Dolabın içine attığım boş bakışlarım devam ederken arkamda huysuzlanan bir adet Harry beni dünyaya döndürmüştü. Hızlıca dolaptaki kutuyu aldım ve gözleri bağlı, elleri zincirlere hapsolmuş Styles'a ilerledim. Evet, yanlış okumadınız. Zincirlere hapsolmuş bir Styles.

Harry'nin beni öpmesinin ardından sabırsızca dersin akışında ilerlemiştik. Fakat evde işler farklıydı. Harry eve girdiğimiz anda beni kucaklayıp çalışma odasına götürmüştü. İşler kızışacaktı ki maalesef uzun süredir içki tüketmeyen ben onun kollarında uykuya yenik düşmüştüm. Oysa beni rahatsız etmemiş, yatağına yatırmış, üzerimi bile örtmüştü.

Sabahın erken vakitleri kalkmış, fırsattan istifade Harry'nin odasını araştırmıştım. Bu özgüven nereden geliyor bilmiyordum fakat özgür hissettiriyordu.

Sessizce dolabı açtığımda karşıma bir kutu çıkmıştı. Büyük olasılıkla sıkıcı olacağını düşündüğüm kutu beni yanıltmış, içinden resmen erotik shop çıkmıştı. Bakın, bu iğrenç tamam mı? Yani bunların yazılmış olması. Yazar utanıyor.
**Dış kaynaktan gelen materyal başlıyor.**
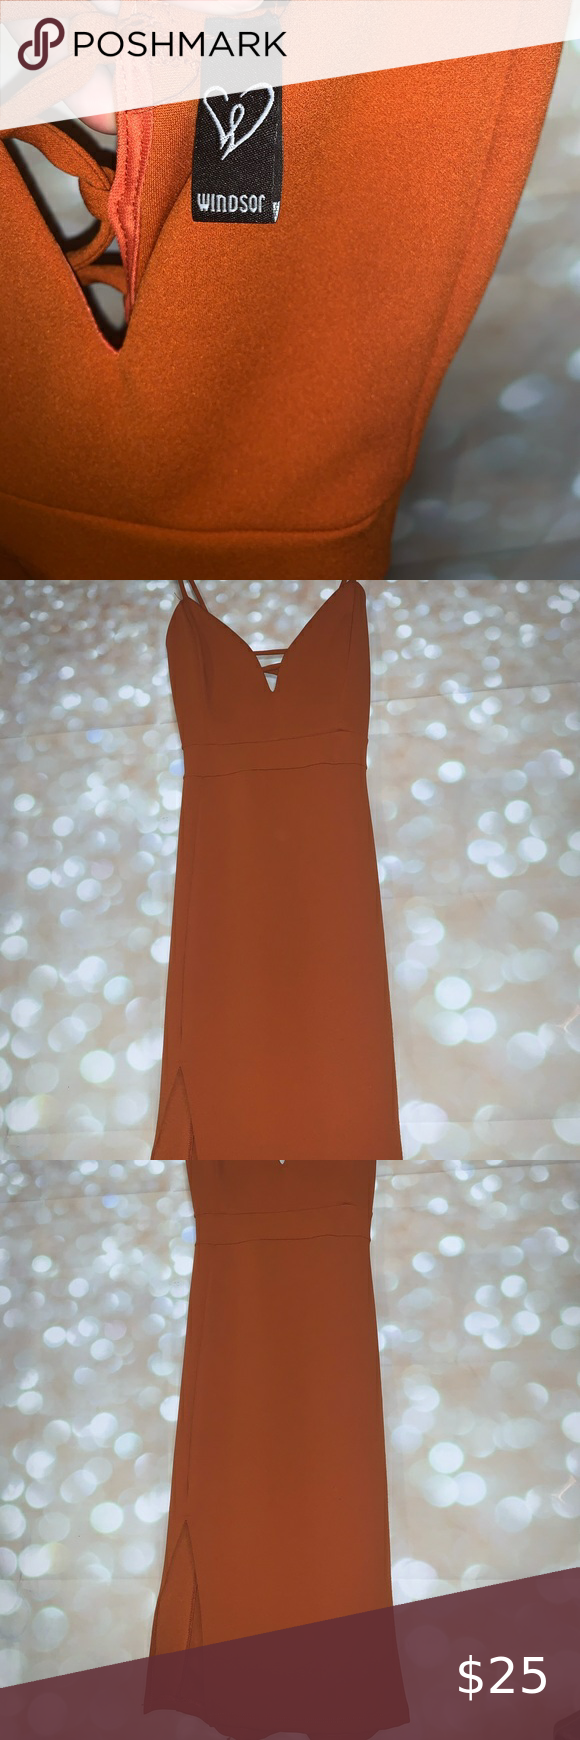 Smocked Top Wrap Dress Stretchy Strappy Long Dress Flowy Ruffle Maxi Dress Tube Top Dress Dresses Womens Long Dresses [ 1774 x 1000 Pixel ]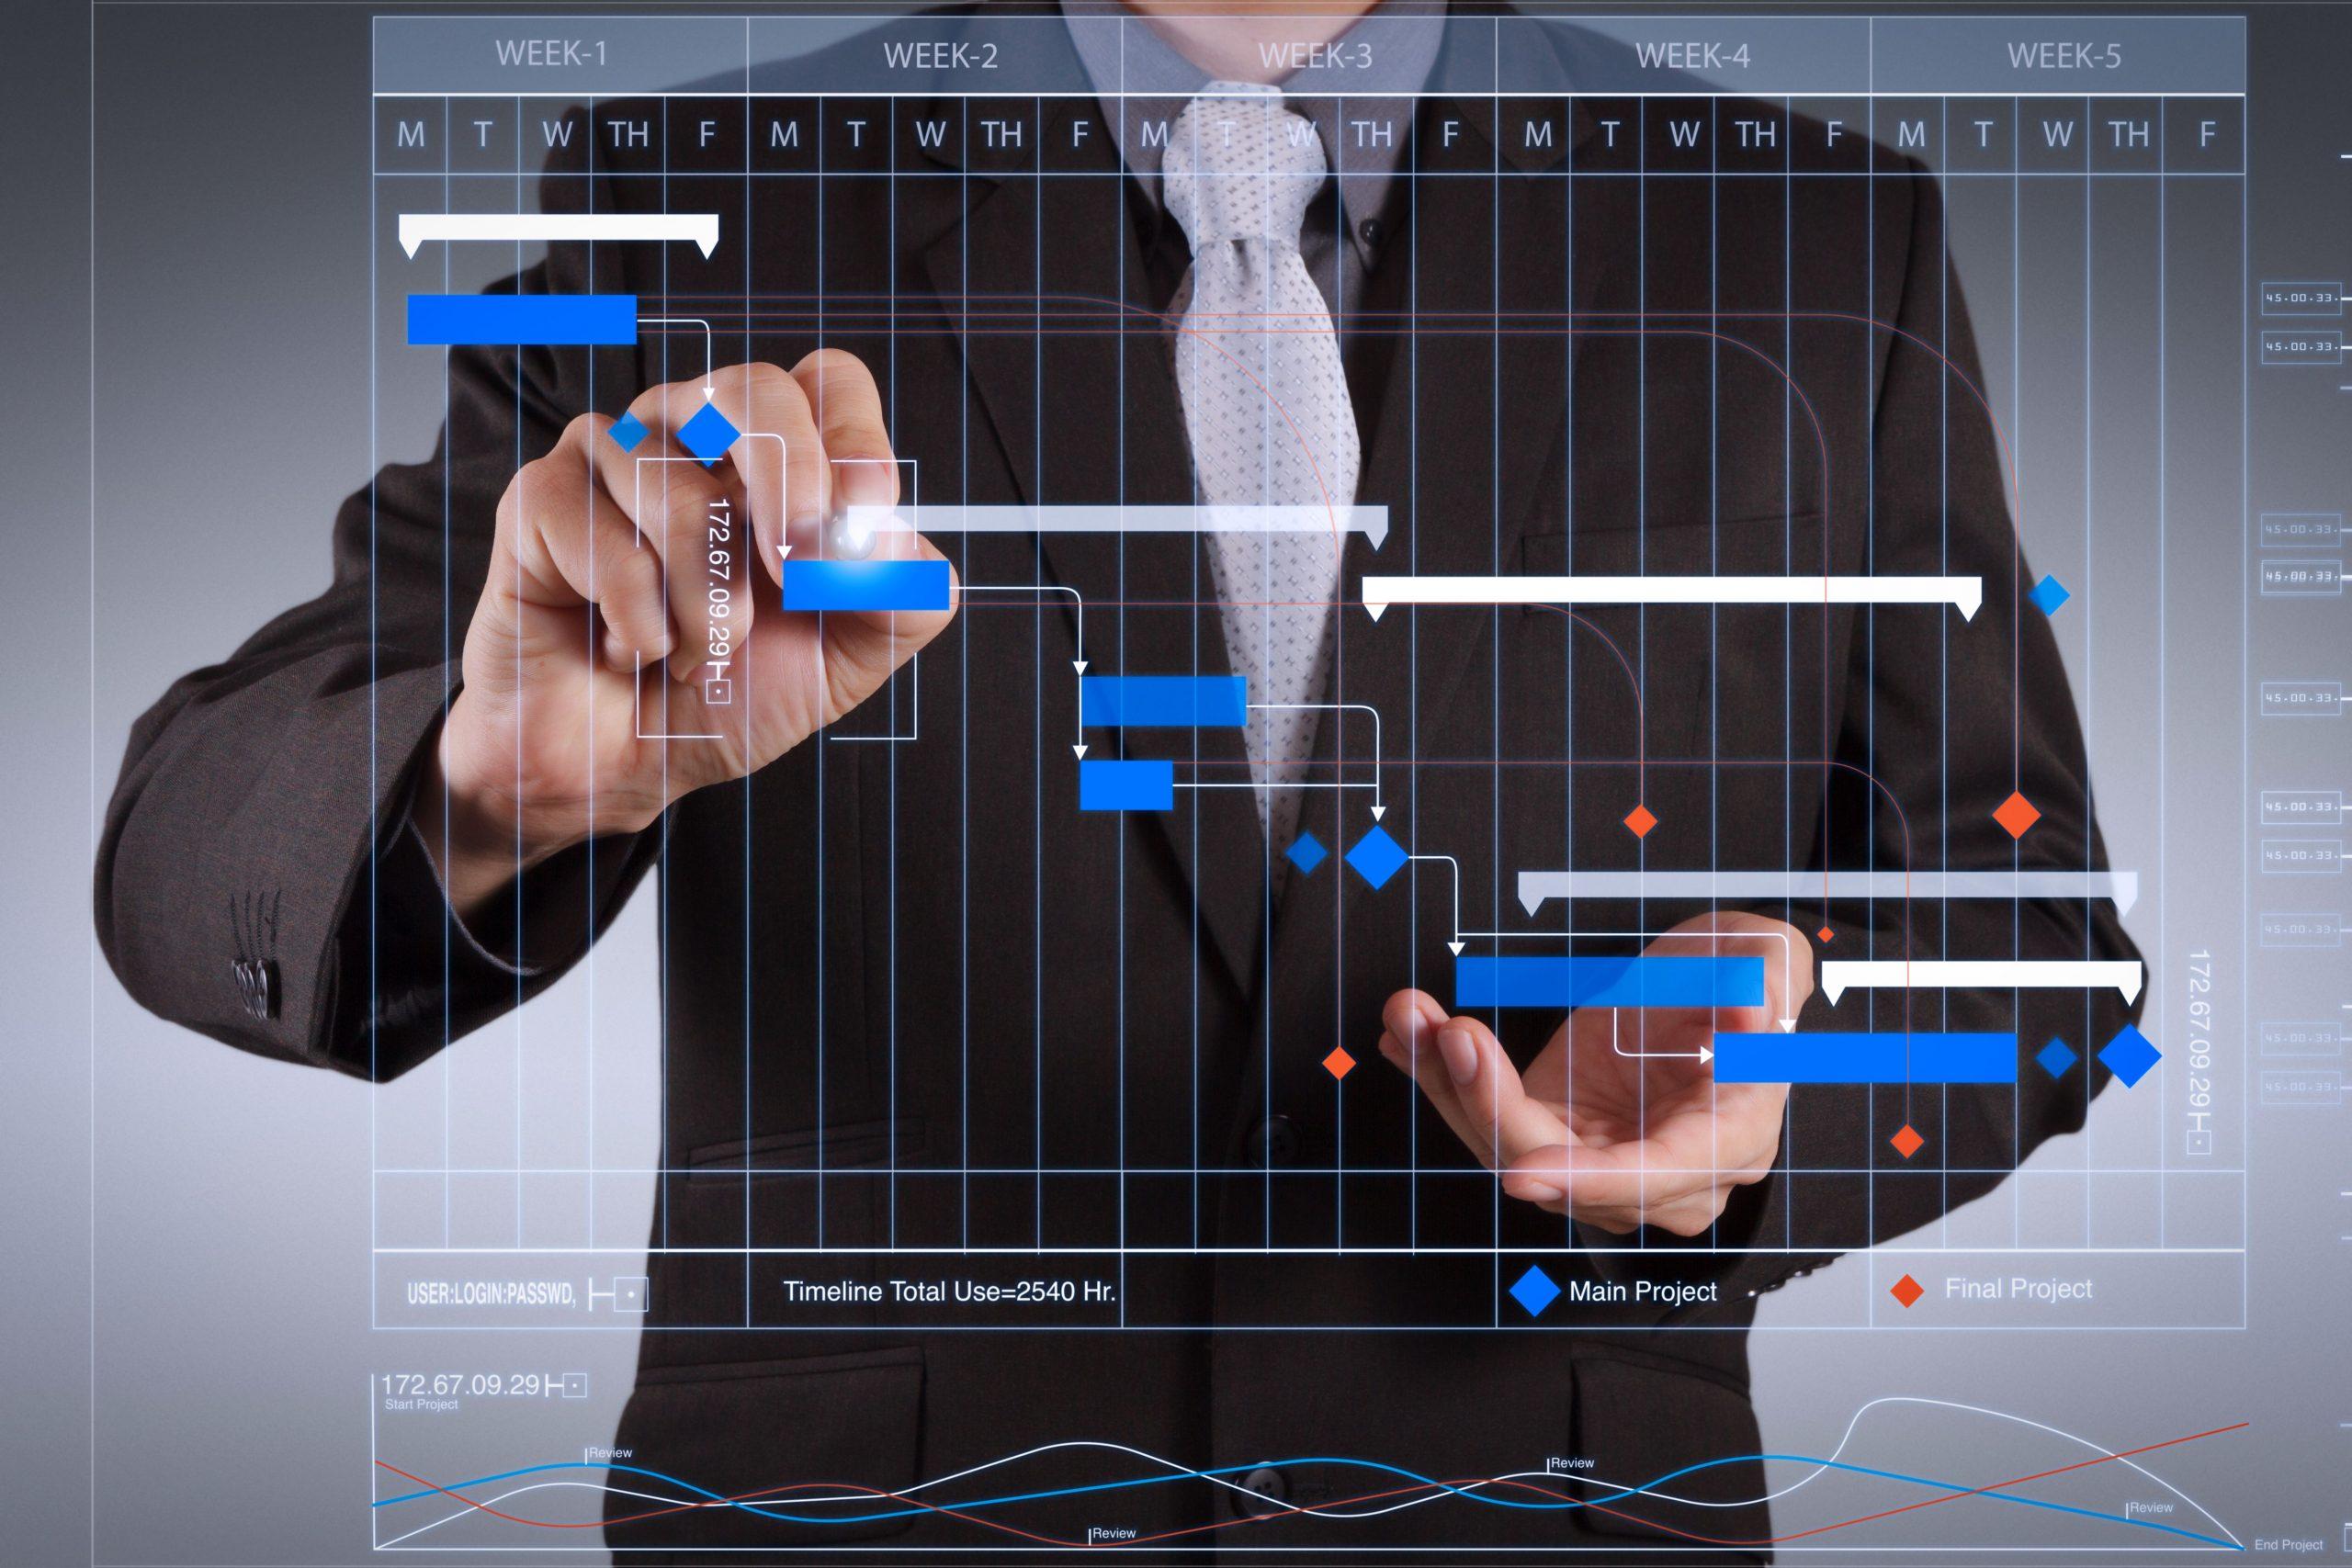 Project Management/Project Server

Kendime bu oyuncakları kullanmayı not etmiştim ki notun üstüne bir çizik gelmesi hiçte uzun sürmedi. Anladığınız kadarıyla Harry şu anda altımda kıvranıyordu. Bunun nasıl olduğu konusuna gelirsek, uyuyan bir adamın savunmasızlığından yararlanmış olabilirdim.

Uyandığı anda önce farketmemiş, ardından jetonu düşmüştü. Tabii bir süre çırpınma ve tehditlere maruz kalmıştım. Ama geri adım atabilecek kadar irade sahibi değildim.

Kutuyu yatağın kenarına bıraktım ve Harry'e doğru emekleyerek ilerledim.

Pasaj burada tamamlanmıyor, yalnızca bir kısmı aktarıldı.